My major bugbear is that Nokia didn't create the N97 in a vaccuum. They saw what the iPhone was, what it could do and as their flagship device, the N97 was their response to it. To have dropped the ball on so many features (resistive screen, no Nokia messaging as standard, slow CPU, QWERTY with insanely placed space bar, S60 v5) is frustrating.

We all know Nokia could have hit a home run with that form factor, if the functionality was there to back it up. It's just a shame that it's 'only' created a solid hit.

Trust me, we ALL want to see Apple get a true contender, it will only stimuate greater competition and better phones for all of us!

All in all, brilliant points, well raised Christexaport!


I'm torn! I currently run an Ipod Touch, an HTC Tytn II and a Nokia 5500 series touch phone (I''m a bit of technophile, lo siento) and I am having enormous trouble making a decision on whether to pick up the 3G S and trump my sister or the N97 and trump my boss. I'm looking for a business class phone so N97 would be the logical choice since it comes with World Traveler but my Ipod Touch already has three Travel programs loaded already!!! Arghhh! Dear Darla, which would you pick?


Excellent rejoinder and great mature and sensible response from Ernest. I have used every single communicator from 9000/ 9000i/ 9100/ 9100i and the last one calle dthe e90 was a complete rip off.
Being a symbain user for 10 years, i recognize the advantage of keyboard based phones.
BUT in todays times the expectations have changed, multyimedia, processing speed, softwares all lead to my decision to changeover to the appleworld..
If i need a good photo, ill use a slr/ digi camera anyway.


i will admit the iphone is a nice phone. But until my phone is my phone i'll stick with my n97. if apple would change its dictatorship way of thinking I could give them a chance.

Don Camilo

First of all, both phones are great.

Where the iphone shines in cap. touch screen, nice UI, and apps the Nokia N97 only shows its stubbornness.
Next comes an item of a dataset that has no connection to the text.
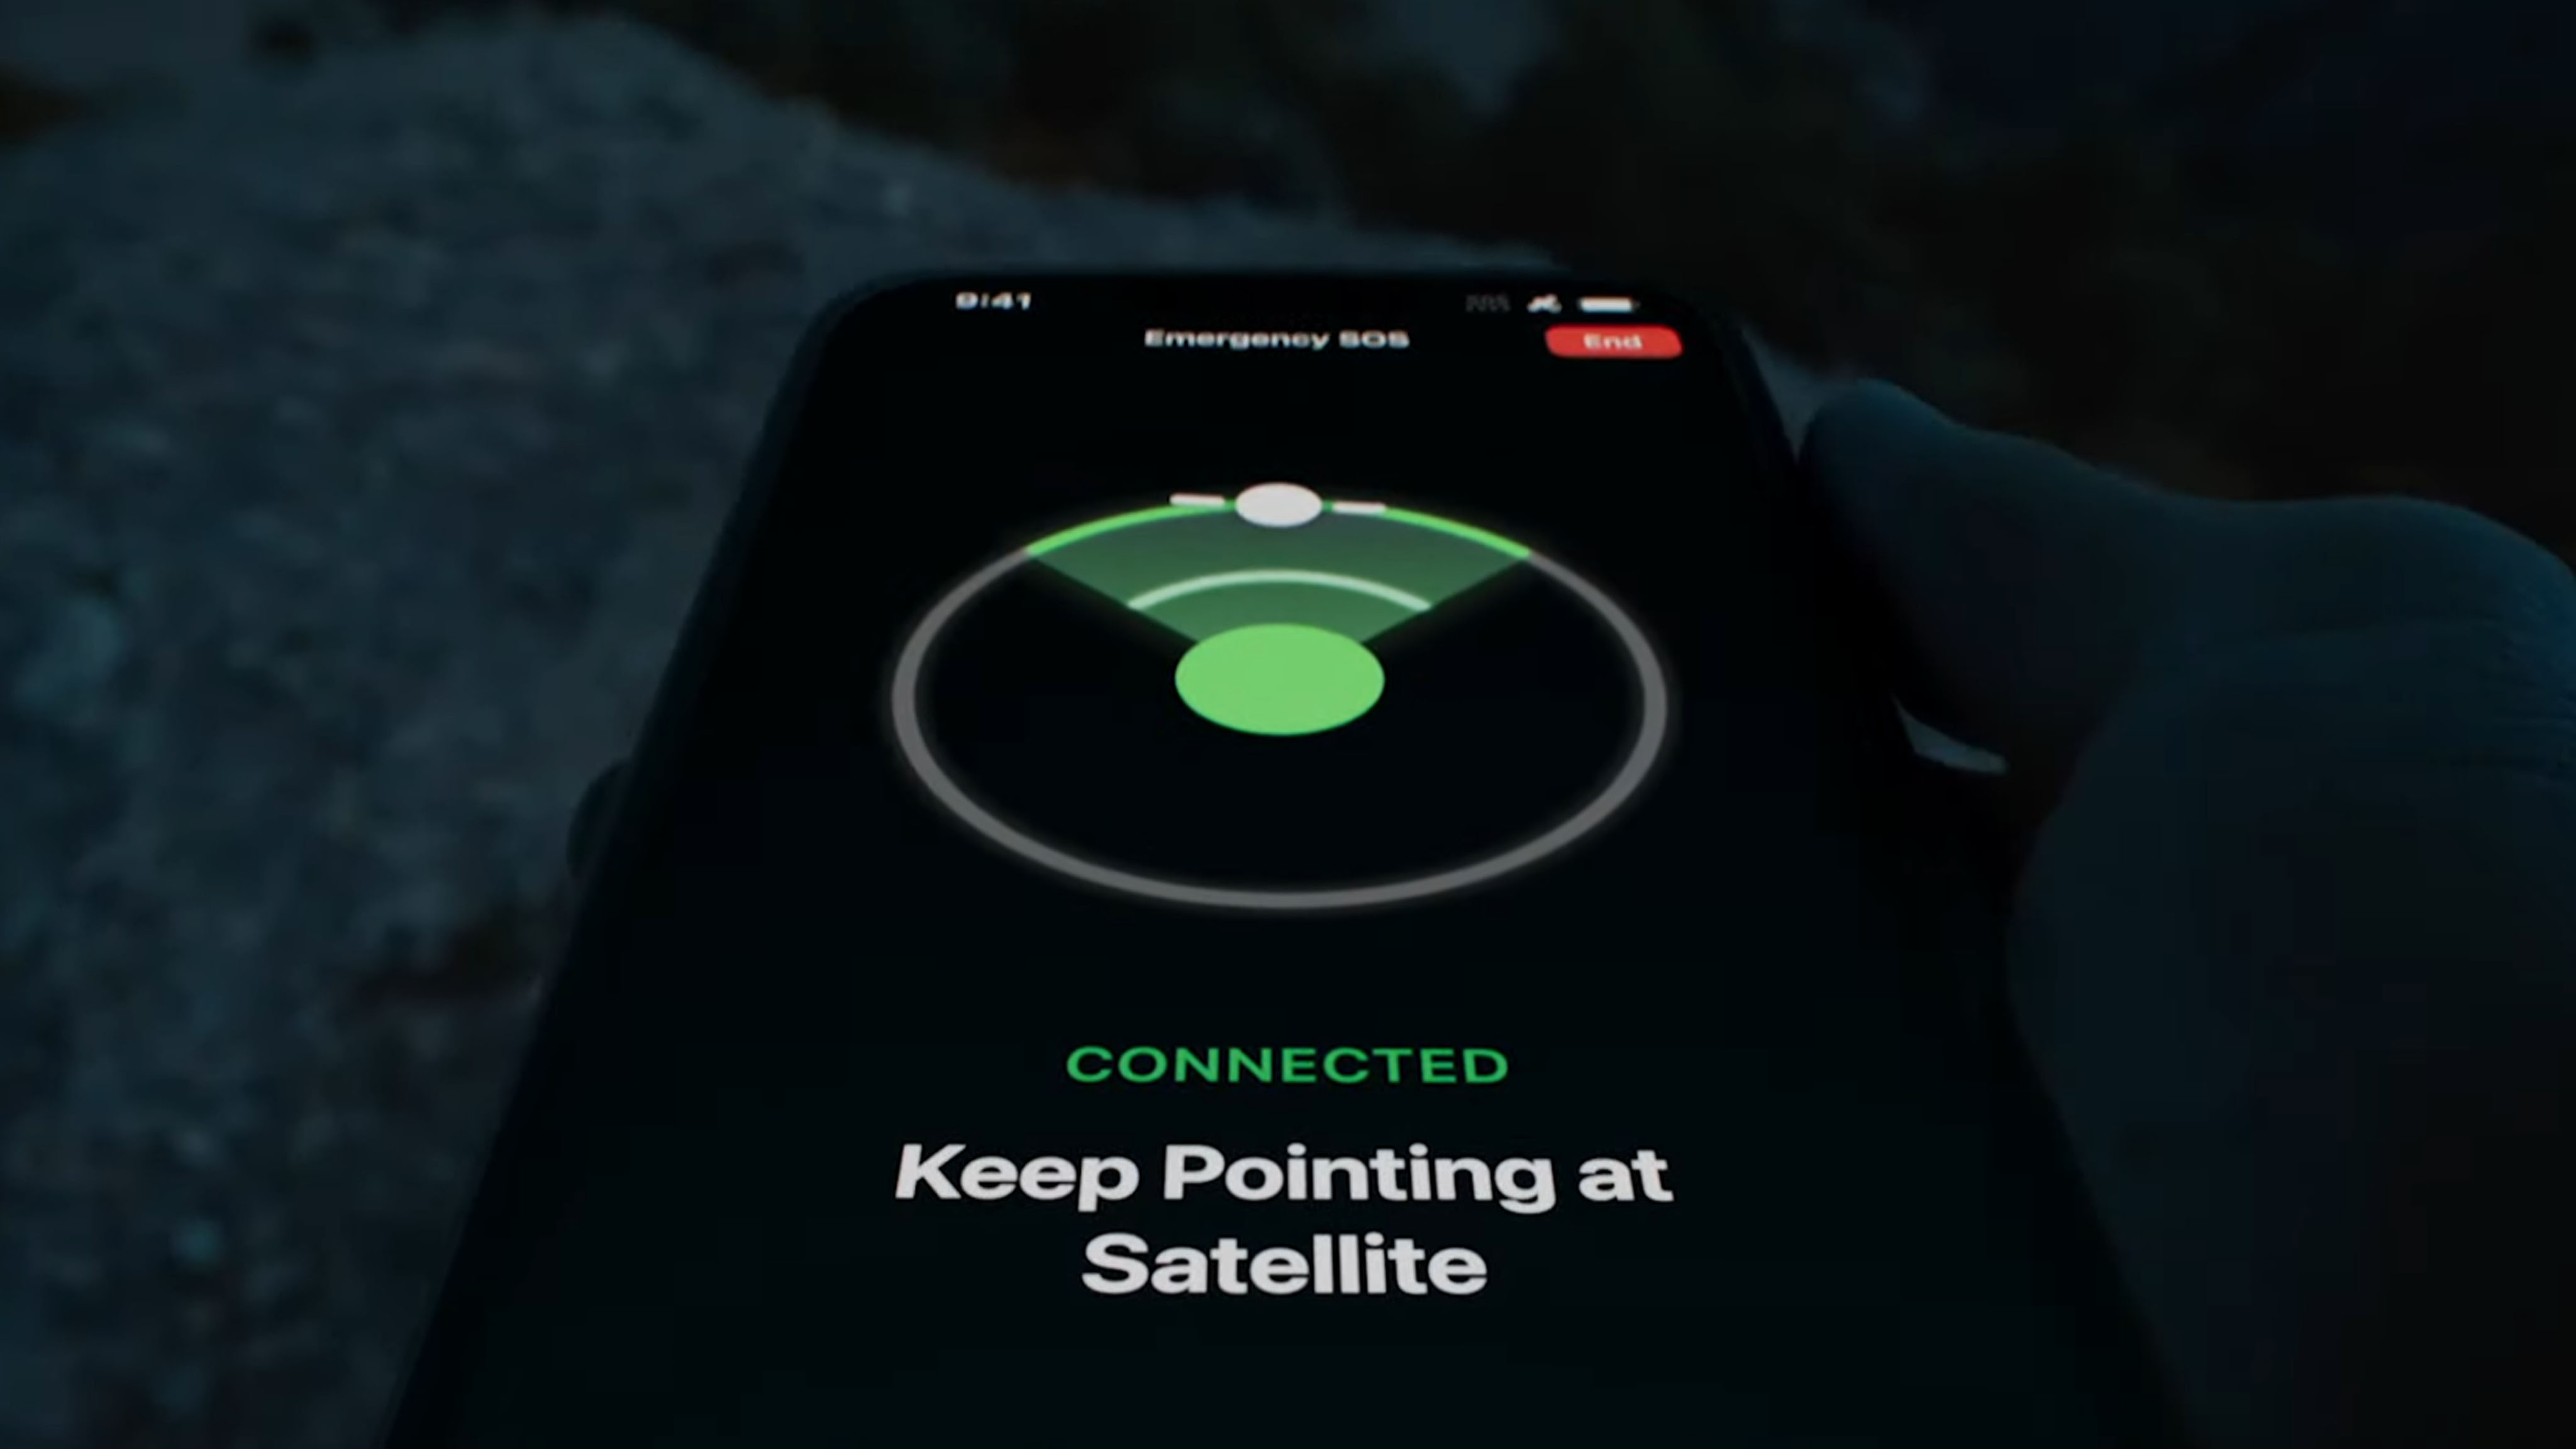 iPhone 14's Emergency SOS via satellite feature saves man stranded in Alaska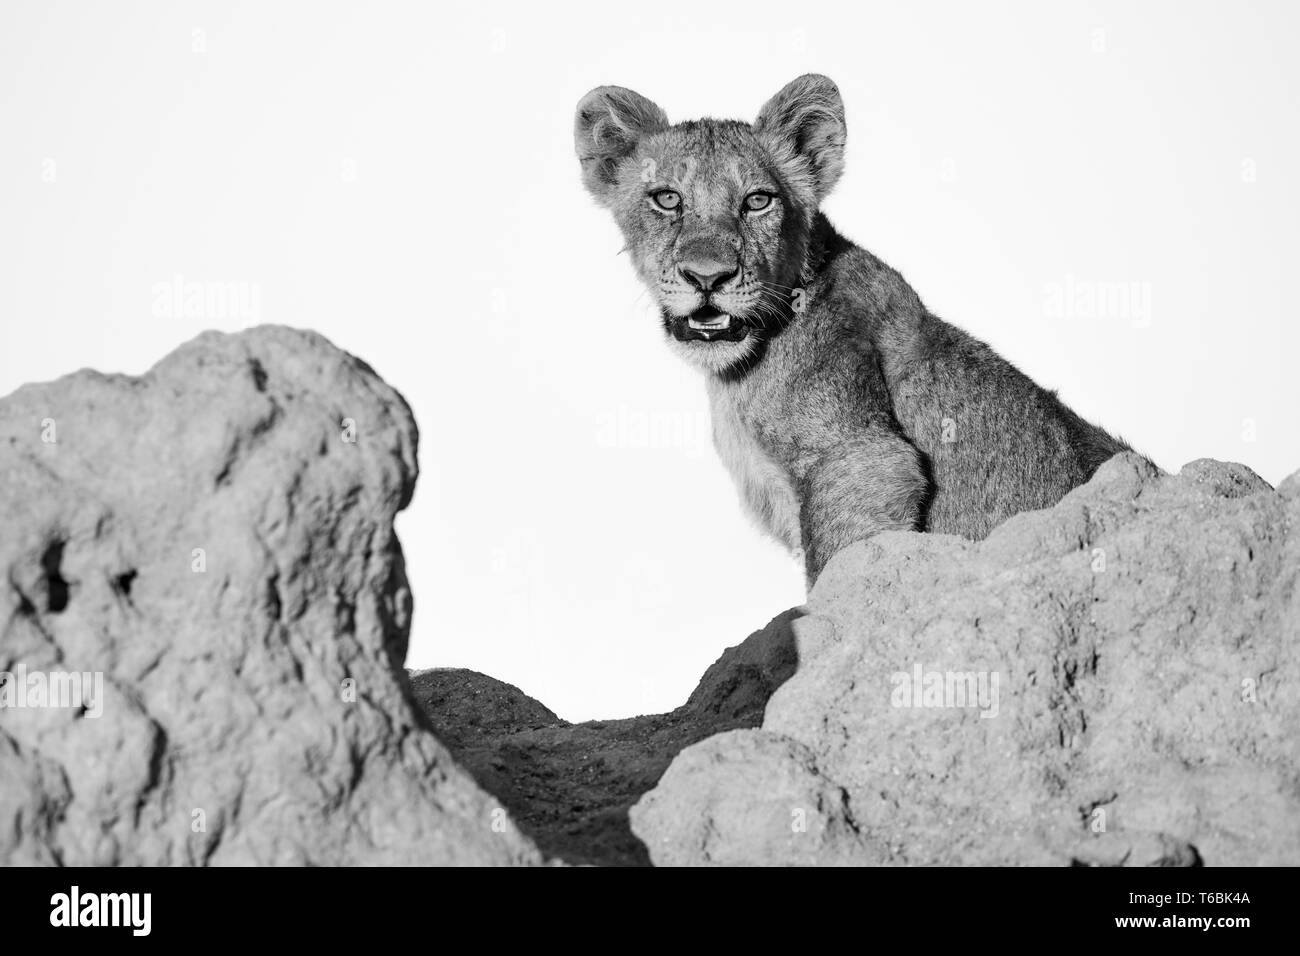 Ein lion Cub, Panther Leo, sitzt auf einem termitenhügel Damm, direkten Blick, den Mund offen, in Schwarz und Weiß Stockfoto

Now, where the N97 shines in better cam with LED flash, better bluetooth for file transfer sync etc, fm radio, external memory card, video calling, flash support, multi-tasking and GPS voice guided navigation with great new Ovi Maps 3.0 the iphone only shows its immaturity.

It really boils down to what you need your phone to do. If you just want to make phone calls, listen to some music and browse the web crippled due to lack of flash then the iphone 3gs is for you.

If you'd like to do more with your phone and maybe looking to not always having to carry your laptop everywhere then the N97 is the jack of all trades, no phone in the world has as many features as the Nokia N97 and it does them all quite well.

Don Camilo

i forgot one of the best features on the new N97= the homescreen widgets!!!! What a great feature!

Mr. Smith

Hello from Tokyo, Japan. I have a comment about the potential download speeds of these mobiles.
In Japan the iphone is on the Softbank mobile network.
The highest speed is not available nationwide. Only some areas of high population density.They also note that depending on conditions the performance may vary or slow down.

Metropolitan Tokyo: within Route 16;
Tokai Area: Nagoya, surrounding major cities and Shizuoka City(excludes Shimizu Ward)
* In areas other than above, the phone will automatically connect you
 to the Softbank 3G service network.
*1 The maximum data speed will vary depending on the area you are in.
*2 Connection speed may slow down or connection may be lost due to line congestion or bad communication environment in the best effort service.

It may cost too much to provide hi speed service everywhere here,even though Japan is about the size of California.